Giles County non-profit looks to save, restore 1860s-era opera house

Posted: Sep 04, 2017 5:36 PM CUT Updated: Sep 04, 2017 9:16 PM CUT

Now members say the time has arrived to bring it back to its former luster.

“So, we were this theatre group looking for a home,” said Tammy Pierchoski, unlocking an old wooden door while thinking back to a day 10 years ago. “My friend says, ‘We’ve got this old building we bought in foreclosure. Maybe you’d be interested.'”

When so much of downtown Pulaski gives that feel of the 1950s, Pierchoski has something a whole lot older.

“We opened these doors, and we had a flashlight,” she said, walking into a huge performance hall. “This is what we stepped into. I sat down on the floor and immediately started crying.”

SLIDESHOW: Antoinette Hall

For the 10 years since Pierchoski’s run the STAAR Theatre and Center for the Arts in a space on the first floor.

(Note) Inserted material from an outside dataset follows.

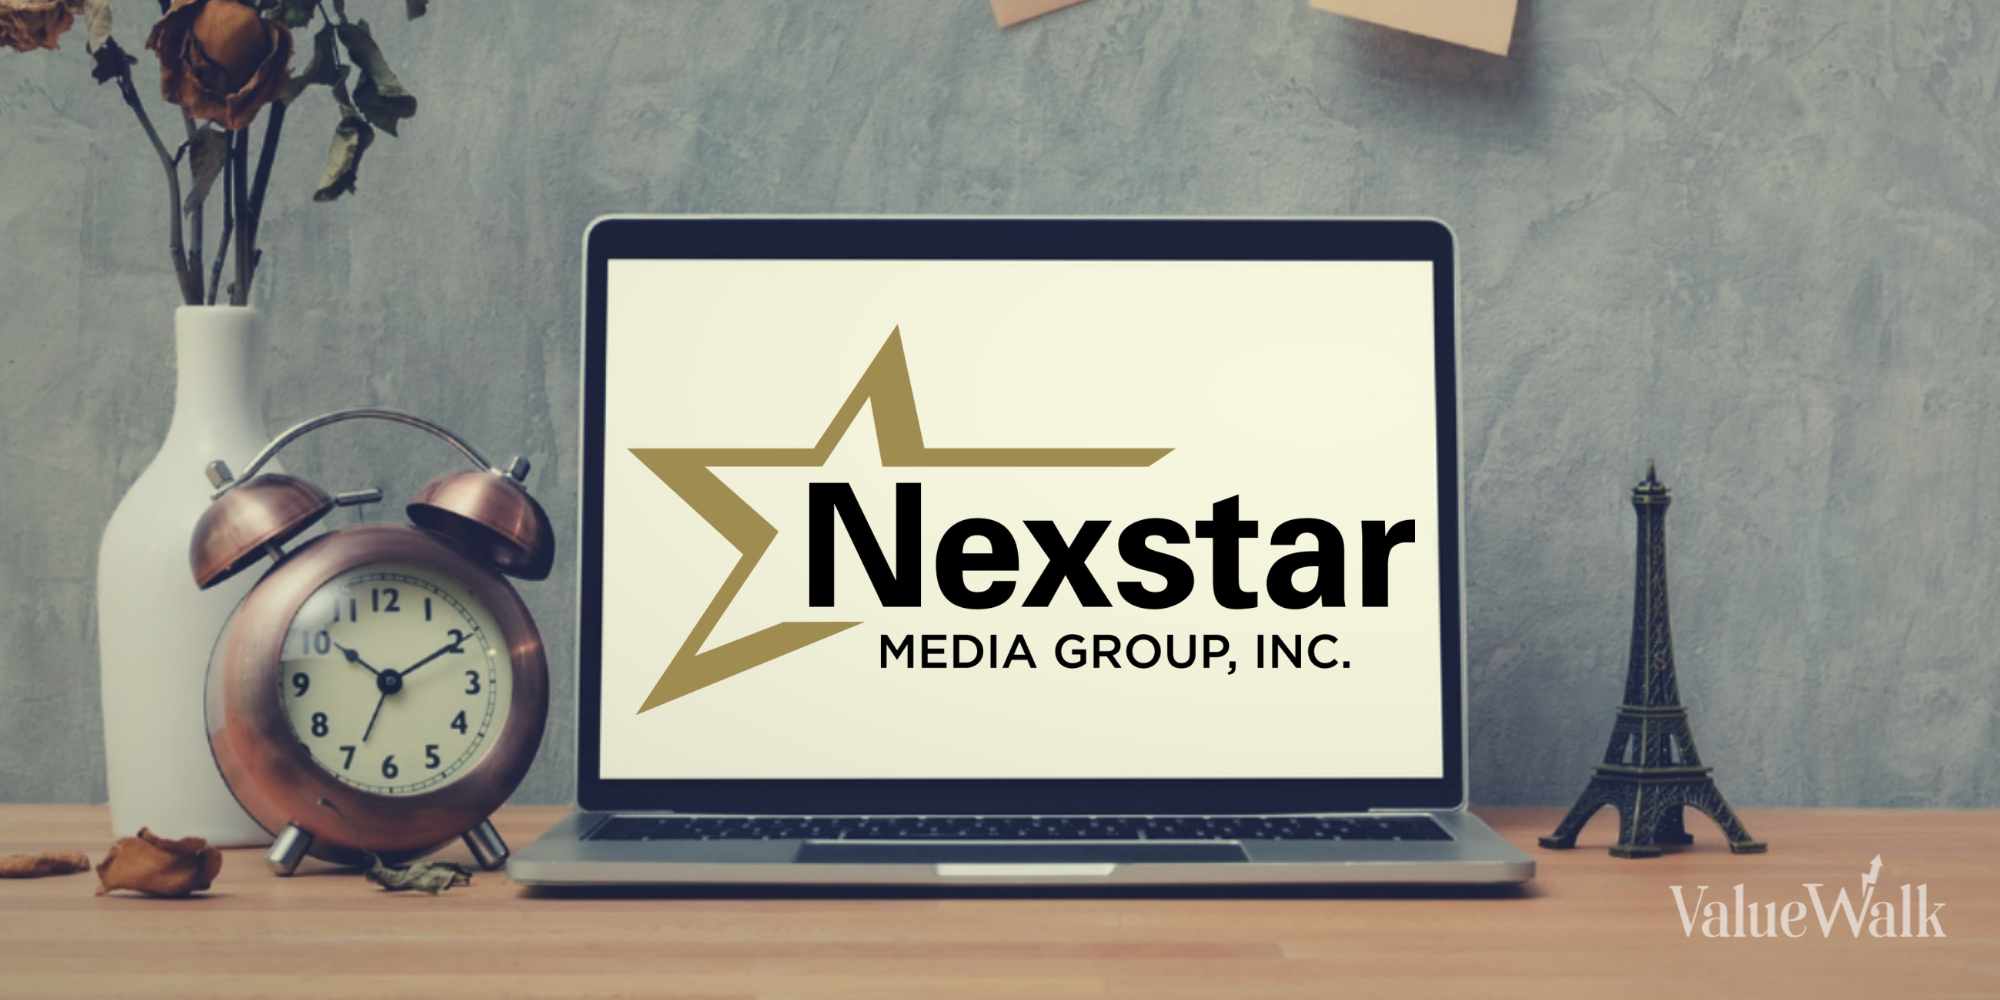 Nexstar Media Group

The second floor is home to the former Antoinette Hall.

Pierchoski said it was an opera house opened in 1868 to lift the spirits of people following the Civil War and a fire that devastated downtown Pulaski.

“This was horse and buggy days,” she said. “This is when it was dirt streets. When you walk into a piece of history like this, it’s like you can feel the energy from that time. You can imagine the woman in their dresses and men dressed up and coming out for an evening on the town.

“These were the porcelain fixtures that were here, but of course, at one time they were gas globes.”

With the final curtain call in the 1930s, there haven’t been any more shows at Antoinette Hall for nearly 90 years. Pierchoski said it’s time for that to change.

“I brought this Girl Scout troop up and one little girl said, ‘Miss Tammy, it looks like Noah’s Ark upside down,'” she laughed, looking up at the exposed wood in the ceiling.

Despite holes in the roof and damage from leaks, Pierchoski is talking with architects and contractors about stabilizing and restoring Antoinette Hall.

Looking at the names of actors sketched into the wood and peeling wallpaper showing the place’s many eras, Pierchoski said this is her new passion. She wants to take that place that’s overlooked Pulaski so long and put performances back on the stage.

“The sad part is, it’s kinda been a secret,” she said. “People don’t know that it’s here, and that’s the point. Wake folks up and let them know it needs to be saved.”

Pierchoski said they’re waiting on a final study from a feasibility report before they start a funding push.